The problem: My networking continues to suddenly become unavailable with this box, with no apparent cause. It will be working one minute, and then it will suddenly stop responding to anything I try to do via the network. It has done it while I was actually sitting at the Fedora machine and browsing the web or a Windows share, while I was at my Windows machine, logged in remotely via SSH to my Fedora machine, or it will just be non-operational when I go to use it. I have checked my physical network connections many times. It's something with the box, not the cable or connection.

I have found a way to get it working again. Originally, I would just reboot the machine and it worked fine. BUT, this isn't Windows... I shouldn't have to reboot all the time. So, I wrote a small shell script which will unmount all of my SMB and NFS shares, restart the network (/etc/init.d/./network restart), and then remount all remote shares. This seems to work fine. ...but, I don't want to have to keep doing this. I want it to work!

I've been using Linux for about 4 years now and totally love it. As I encounter problems like these, I will usually try to troubleshoot them myself, and then do some good ole Google searching. 95% of the time, I find my solution rather quickly. With this one, I don't even know where to begin.

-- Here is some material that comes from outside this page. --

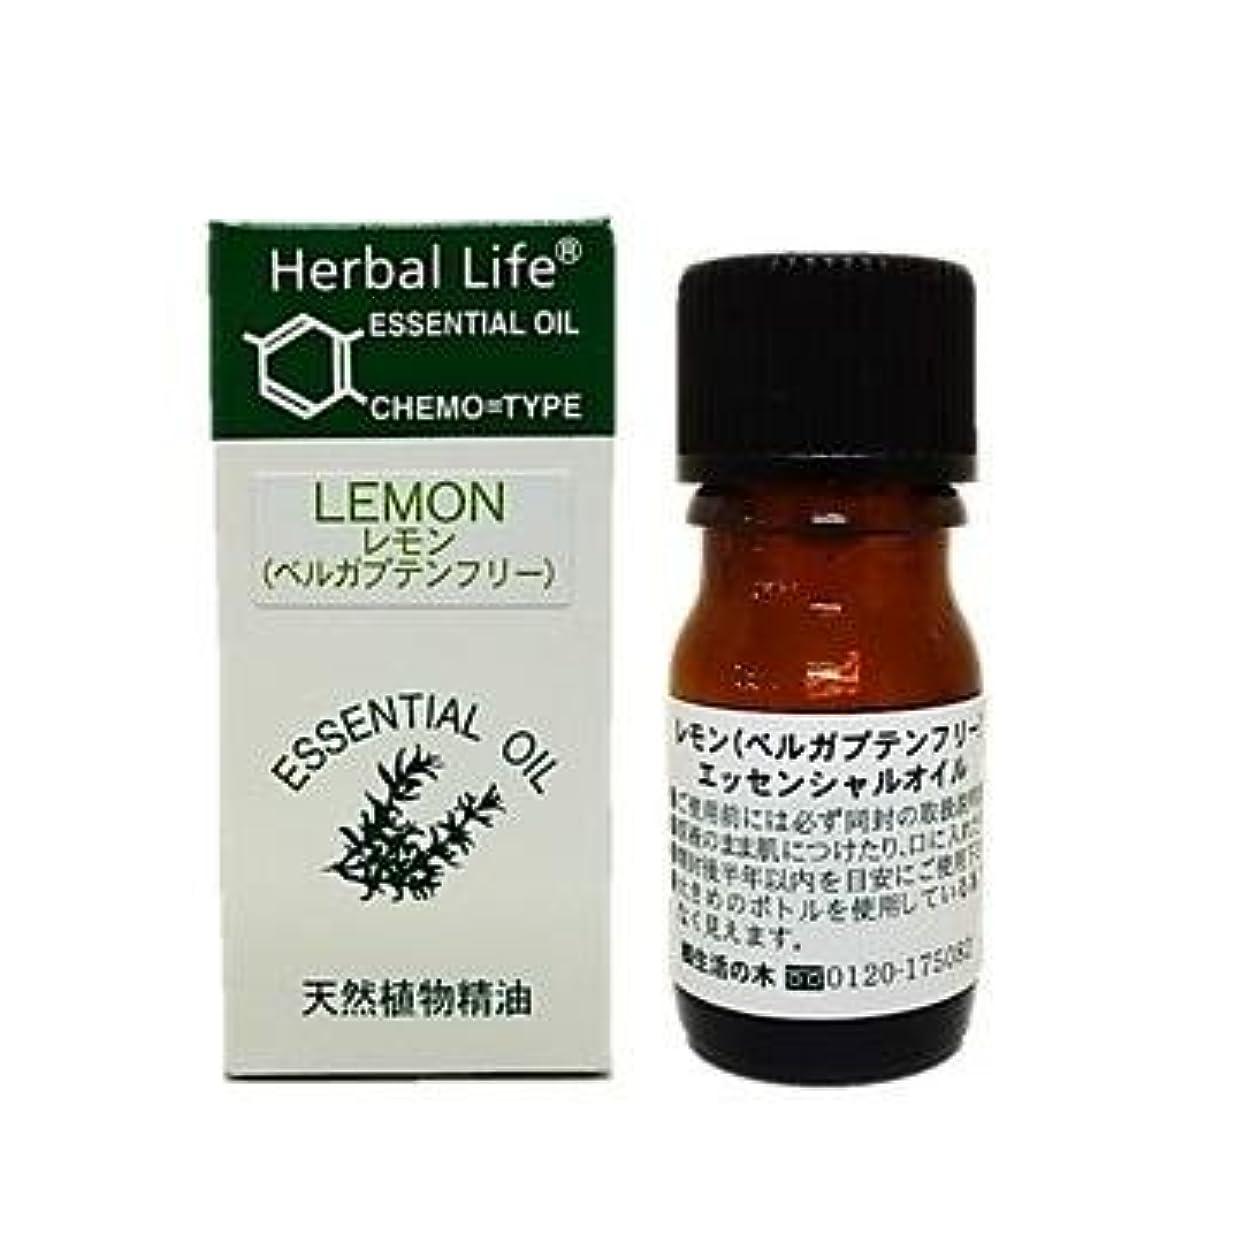 お別れ傾く求人生活の木 レモン(フロクマリンフリー)3ml エッセンシャルオイル/精油

Is there a log I can view that might give me some hints as to the cause of this problem?

Are there any known recent updates that might adversely affect my network configuration?
(I manually do a yum update a few times a week so that I can SEE what is being updated)

Again, this is a recent problem. It was working PERFECTLY, up until the past few weeks (just in case that might give anyone a hint as to the cause).

Let me know if you need me to post any logs or check anything on the machine. I GREATLY appreciate anyone's help with this.

Thanks!

bvgsy
2005-07-24, 02:41 PM CDT
If you haven't made any changes to your network configurations that would
affect your connectivity, it could be that your NIC is about to die.

Do a dmesg|grep -i eth and see how many times it went up and down and
if the occurrence is too often, it's time for a new NIC.

HTH!

bvgsy

crackers
2005-07-24, 09:25 PM CDT
Simpler than checking dmesg is to run /sbin/ifconfig and look at the RX/TX packets and the "errors" number. If it's really large or even a significant percentage of the RX or TX packets, it's a good indication that you may have a hardware issue.

Our work file-server had this exact same issue and, after doing much the same as you, the admin did as above and ended up replacing the NIC. Problem solved.

Quickstep
2005-07-25, 08:15 AM CDT
Simpler than checking dmesg is to run /sbin/ifconfig and look at the RX/TX packets and the "errors" number. If it's really large or even a significant percentage of the RX or TX packets, it's a good indication that you may have a hardware issue.

0 errors, 0 packets dropped

I had considered, as suggested, just throwing a new nic in there, but I'd like to troubleshoot it a bit more, just in case it's something else. But, if it comes down to it, I know I've got a bunch of nics laying around.